6.4 L'Ombudsman a soigneusement étudié tous les documents présentés par le plaignant afin d'étayer son point de vue selon lequel son supérieur n'avait ni les qualifications ni la capacité d'évaluer son rendement. Toutefois, à la lumière de ces documents, il ne voit pas suffisamment d'éléments de preuve pour appuyer le point de vue du plaignant.
6.5 Par conséquent, le Médiateur considère que le plaignant n'a pas étayé son allégation selon laquelle son supérieur n'a pas été en mesure d'évaluer son rendement.
7 Sur la prétendue nullité du rapport de notation du requérant7.1 Le requérant a fait valoir qu'en raison de plusieurs lacunes présumées dans la production de son rapport de notation pour l'année 2004, son rapport de notation était nul. Le Médiateur rappelle qu’il n’a constaté de mauvaise administration qu’en ce qui concerne le retard dans la production du rapport. Le Parlement a fait valoir que ce retard n'avait eu aucune conséquence sur la carrière du plaignant, notamment en ce qui concerne le déroulement de la procédure de promotion. Le plaignant a estimé que le retard avait en fait eu de lourdes conséquences sur sa carrière. Toutefois, il n’a pas précisé de quelle manière il considère que tel est le cas. Par conséquent, le Médiateur estime que le plaignant n'a pas établi que le retard dans la production de son rapport de notation était de nature à le rendre nul.
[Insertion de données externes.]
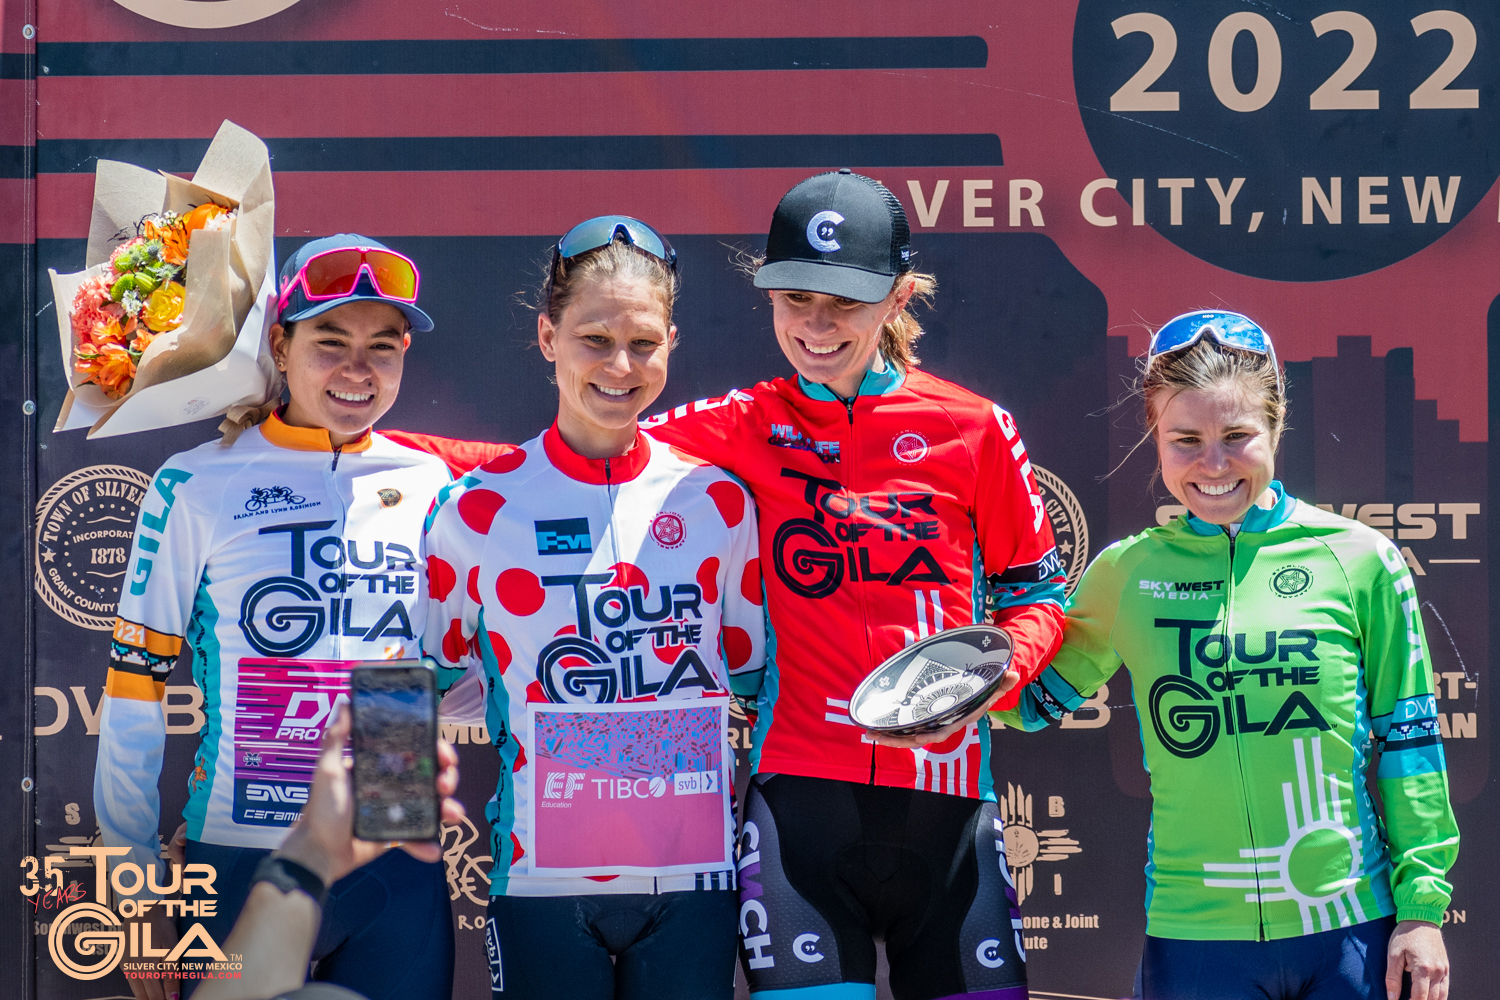 From learning how to walk to winning the Gila Lauren De Crescenzo

7.2 Compte tenu de ce qui précède, et étant donné que le Médiateur n'a constaté aucun cas de mauvaise administration en ce qui concerne les autres aspects de la présente affaire, il estime que le plaignant n'a pas étayé son point de vue selon lequel son rapport de notation pour l'année 2004 était nul.
8 ConclusionSur la base des enquêtes menées par le Médiateur sur cette plainte, il est nécessaire de formuler la remarque critique suivante:
Il est de bonne pratique administrative qu'une autorité investie du pouvoir de nomination achève l'évaluation périodique de son personnel dans les délais prévus par la réglementation applicable. En l'espèce, le rapport de notation du plaignant a été achevé avec près de trois mois de retard. Ce retard constitue une mauvaise administration.
Étant donné que le plaignant n’a pas précisé en quoi il estime que le retard dans la production de son rapport de notation a eu des conséquences sur sa carrière et qu’il n’a formulé aucune réclamation à cet égard, le Médiateur estime qu’il n’est pas justifié de poursuivre l’examen de la question afin de tenter de parvenir à un règlement à l’amiable.
Le Président du Parlement sera également informé de cette décision.
Je vous prie d'agréer, Monsieur, l'expression de mes sincères
P. Nikiforos DIAMANDOUROS
(1) Il apparaît que cette note figurait dans la communication du 25 septembre 2003, à laquelle le Parlement et le plaignant se sont référés.
(2) Affaire T-23/91, Maurissen/Cour des comptes, Rec. 1992, p. II-2377, point 40.
(3) Le commentaire pertinent dans le rapport de notation du plaignant est le suivant: «Le noté possède d'excellentes bases (...), mais les traduits parfois de façon abrupte (...).»
(4) Le Parlement a renvoyé à l'affaire T-164/97, Busacca e.a./Cour des comptes, Rec. 1998, p. II-1699.
(5) La décision du Médiateur est disponible sur son site internet (http://www.ombudsman.europa.eu/decision/fr/031319.htm).
(6) Affaire T-327/01, Lavagnoli/Commission, Rec. 2003, p. II-691.
(7) Le Parlement a renvoyé à l'affaire T-23/91, Maurissen/Cour des comptes, Rec. 1992, p. II-2377.